Friday, May 17, 2013

I'm bored.

So I'm going to tell you a story.  About Habersham, cause Erin's a jerk. :) I googled Habersham, cause I was pretty sure she'd just typed a bunch of letters together, and found listings of a county in Georgia. They have a winery and a farmer's market. So. Habersham Farmers' Market it is.  As a sidenote...don't google killing roosters when you're eating a chicken wrap. Just. Don't.

Nice Melons
The rooster crowed. A piercing reminder that it was time to get up and start the day.  The little asshole seemed to be waking earlier and earlier.  I had half a mind to wring it's little neck and enjoy a nice meal of fried rooster that night at the dinner table. There was little time to contemplate it's demise though, as I had to pack up crates of fruits and vegetables and haul ass to the swanky shopping center where I peddle my wares on a weekly basis. A single man running a farm does more work than a one armed paper hanger.  Though why a one armed man would go into paper hanging is beyond me.  But from 8 am to 1pm every Saturday, I sit and watch hipster douchebags and collagen filled harlots handle the literal fruits of my labor and try to talk me down from $3 a pound for strawberries while carrying purses that cost more than my pickup.

"Are these certified organic?"  If I hear that question one more time, I might scream.

I get to the market and go to my assigned booth. I glance briefly at the paper sign indicating the name of my neighbor.  I groaned as I read, "The Tea Lady." She is the absolute worst for business.  She wears flowing scarves and calls everyone darling while trying to get them to sip her swill from paper cups she crams on a plate in order to shove them in the faces of passersby. People avoid her like the plague, and their avoidance trajectory typically takes them far past the booths on either side of her. Looking around to see if I would get caught, I grabbed the sign off her table and switched it with the sign of the booth on her other side.

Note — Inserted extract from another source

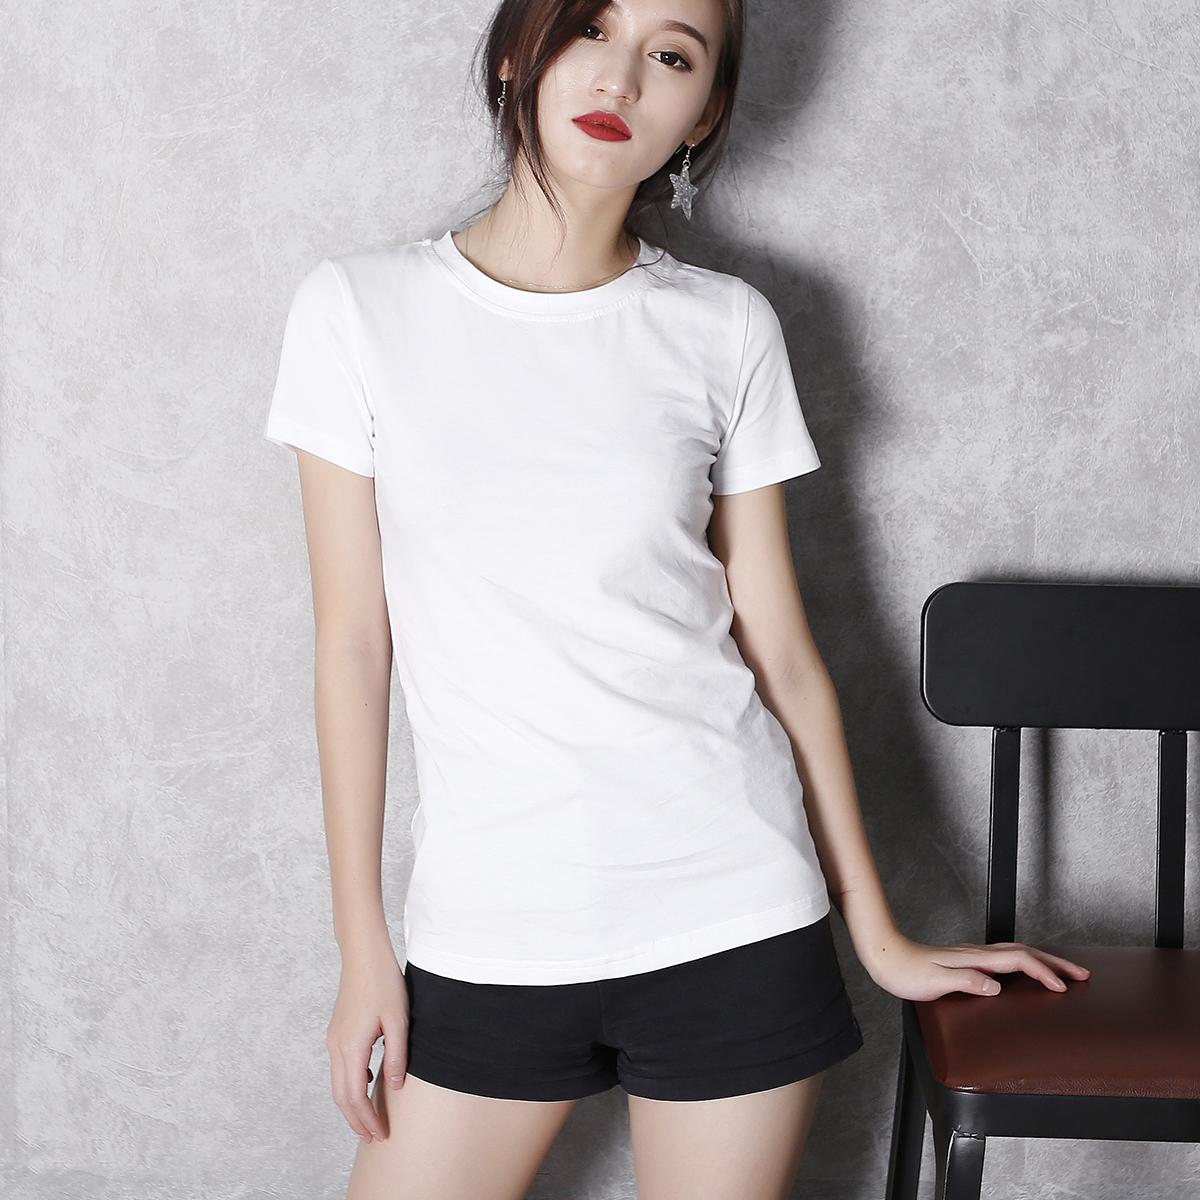 女士纯棉t恤 欧洲站夏季新款纯棉修身显瘦圆领简约体恤短袖紧身白色t恤女装_推荐淘宝好看的女纯棉t恤

More vendors started to arrive as I attempted to make spaghetti squash look appealing. I don't understand why human beings need their produce stacked and symmetrical, but if it makes 'em buy, I'm doing it.  I was so engrossed in the placement of plums to notice that my new neighbor had started unloading. Their fruit.  And their vegetables. I realized my mistake too late to do anything about it. Hoping that the quality of their product would cause more traffic to head my way, I peered over the side of my table to get a view of their goods and noticed a figure hunched down over a crate.  I saw a ponytail of brown hair with the gold highlights associated with working outdoors, not chemical treatments, pulled through a tattered baseball hat. A long tanned neck stuck out of a ratty flannel that had certainly seen it's share of days drying in the sun. I continued to stare, taking her in as she stood.

"Good God, " she said, hand flying up to her chest. "You scared me!"

"Sorry 'bout that," I answered, suddenly embarrassed and bashful now that the full force of her cornflower blue eyes hit me like a sickle bar mower knocking down an alfalfa crop. "I was just looking at your melons."

Her eyes narrowed, her hand reaching up to the buttons on her shirt as I realized how that sounded. "NO! I I meant your melons.  Your MELONS.  I can never get mine to grow that big. " I pointed at a stack of watermelons the size of toddlers laying on the table. Her eyes moved towards the large fruit as her eyes crinkled, a smile turning into laughter as she realized what a ridiculous scene we had just made.

I laughed with her then introduced myself. "I'm Will."

"I'm Stephanie, " she said, reaching her hand towards me in a gesture of friendship and goodwill. Her handshake was firm and her hands calloused.

"Stephanie,"  I repeated, liking the way it felt on my tongue.  "It's a pleasure.  Tell me you like fried chicken?"